S-Bahn-Tunnel unter dem Rosensteinpark
Bereits Ende November 2019 hatte die Deutsche Bahn beim Projekt Stuttgart 21 nach fünf Monaten den zweigleisigen Teil des S-Bahn-Tunnels Rosenstein fertig vorgetrieben. Der S-Bahn-Tunnel Rosenstein wird nach seiner Fertigstellung 1170 m lang sein. Vom Rosensteinportal aus wurde der rund 520 m lange zweigleisige Teil der Röhre aufgefahren. Ein weiterer Vortrieb erfolgt vom Zwischenangriff Abstellbahnhof. Direkt neben dem S-Bahn-Tunnel wurde am Rosensteinhang seit Dezember 2018 parallel der zweigleisige Teil des Fernbahntunnels gebaut. Dort ist der Vortrieb seit Oktober 2019 abgeschlossen.

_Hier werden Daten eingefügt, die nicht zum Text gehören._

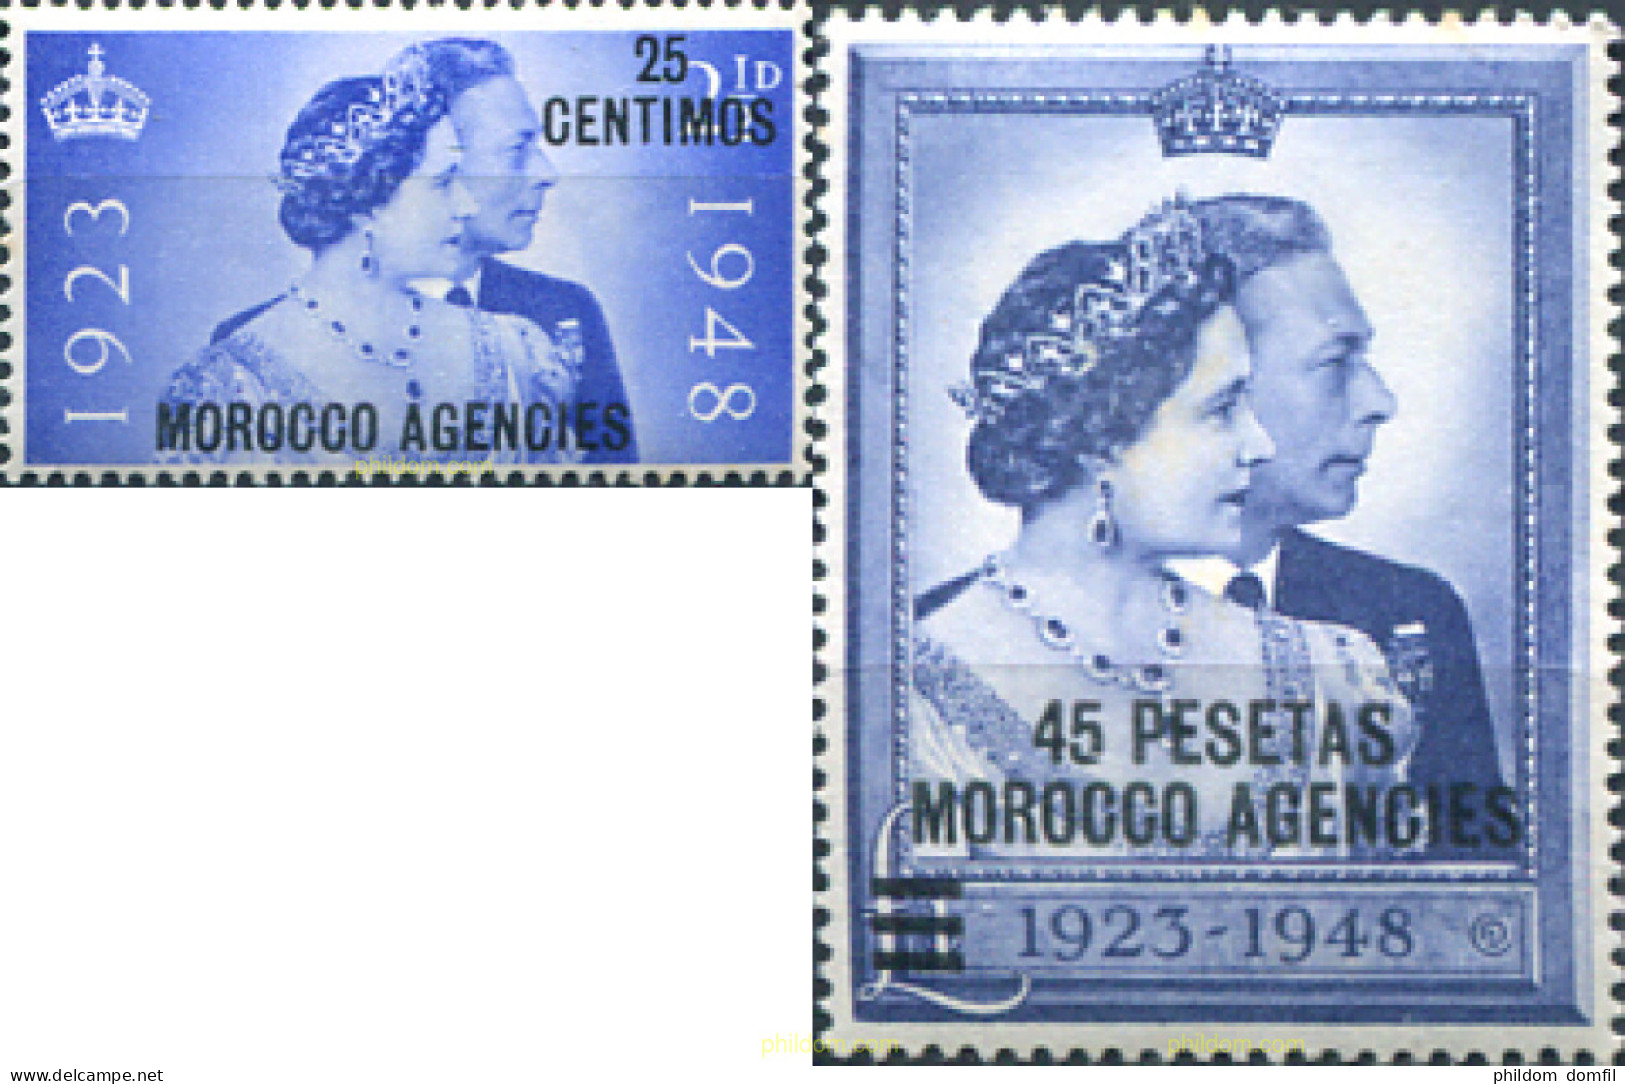 343026 MNH MARRUECOS Oficina Inglesa 1948 REYES - Morocco Agencies / Tangier (...-1958)
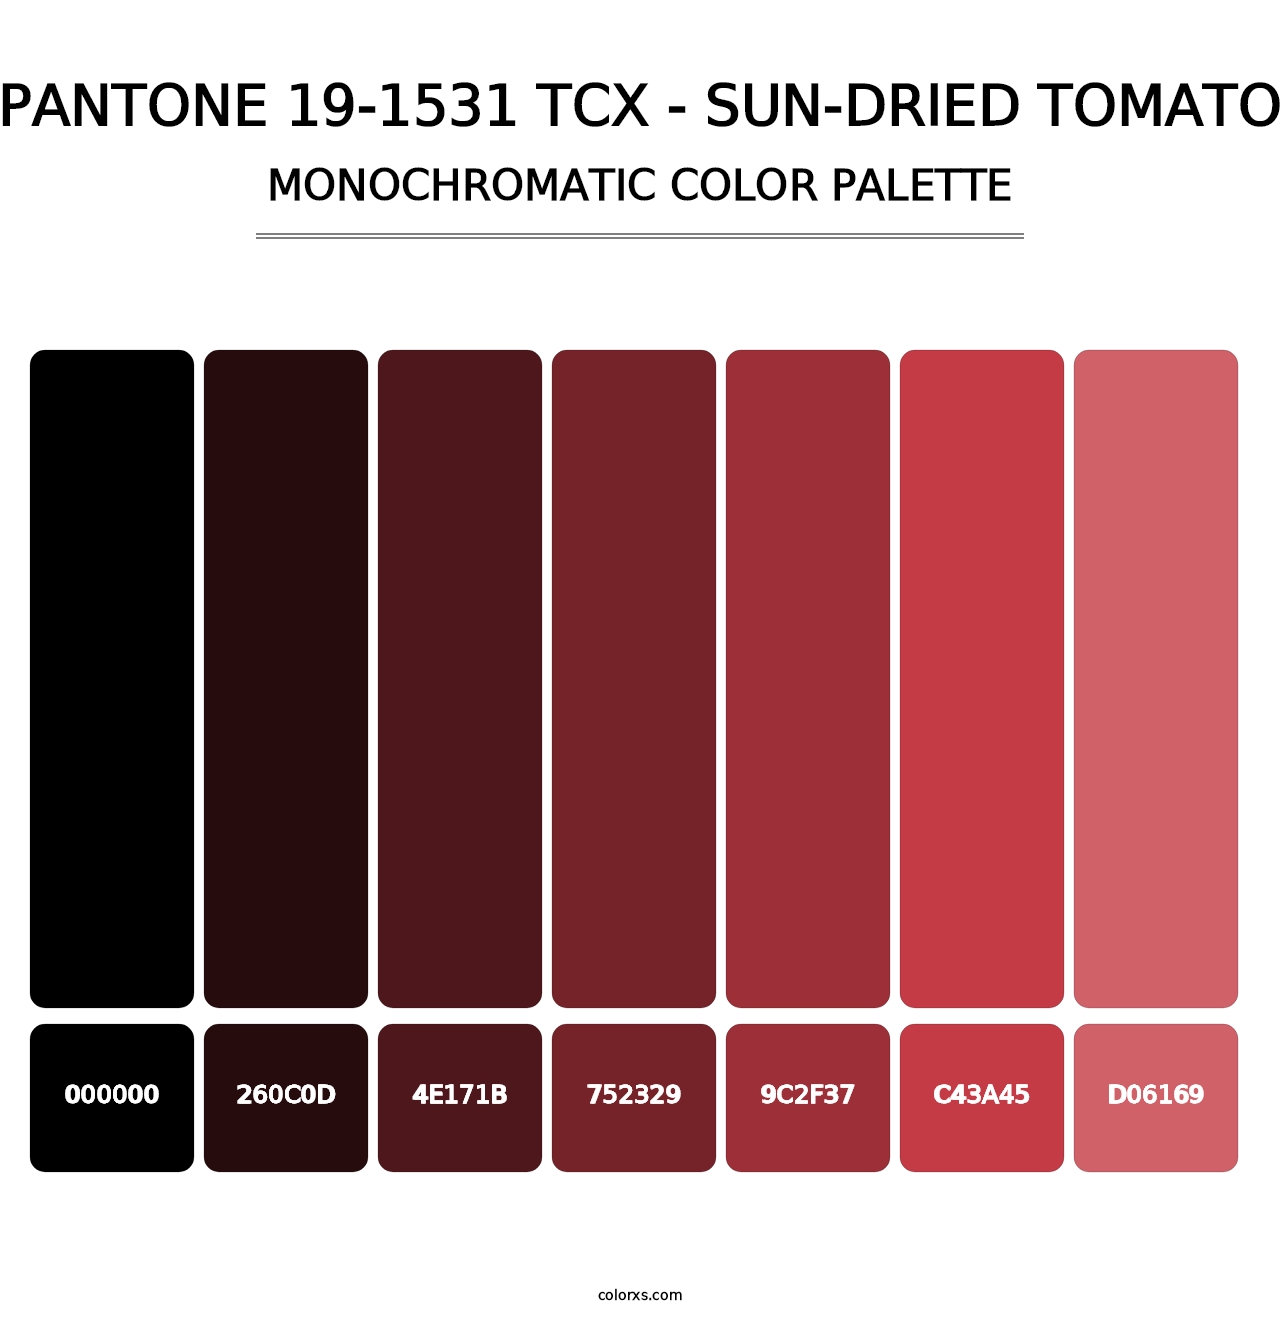 PANTONE 19-1531 TCX - Sun-Dried Tomato - Monochromatic Color Palette

Für den Bau des Tunnels vom Neckarufer aus mussten im Februar 2018 sechs Bäume gefällt werden, auf denen der streng geschützte Juchtenkäfer vermutet wurde. Dafür hatte die Deutsche Bahn im August 2015 eine Planänderung beim Eisenbahn-Bundesamt beantragen müssen. Im Zuge des Verfahrens war schließlich die Zustimmung der EU-Kommission erforderlich, die im Januar 2018 erfolgte – zweieinhalb Jahre nach Beantragung der Planänderung. Infolge dieses Verfahrens verzögerte sich auch der Bau des S-Bahn-Tunnels Rosenstein.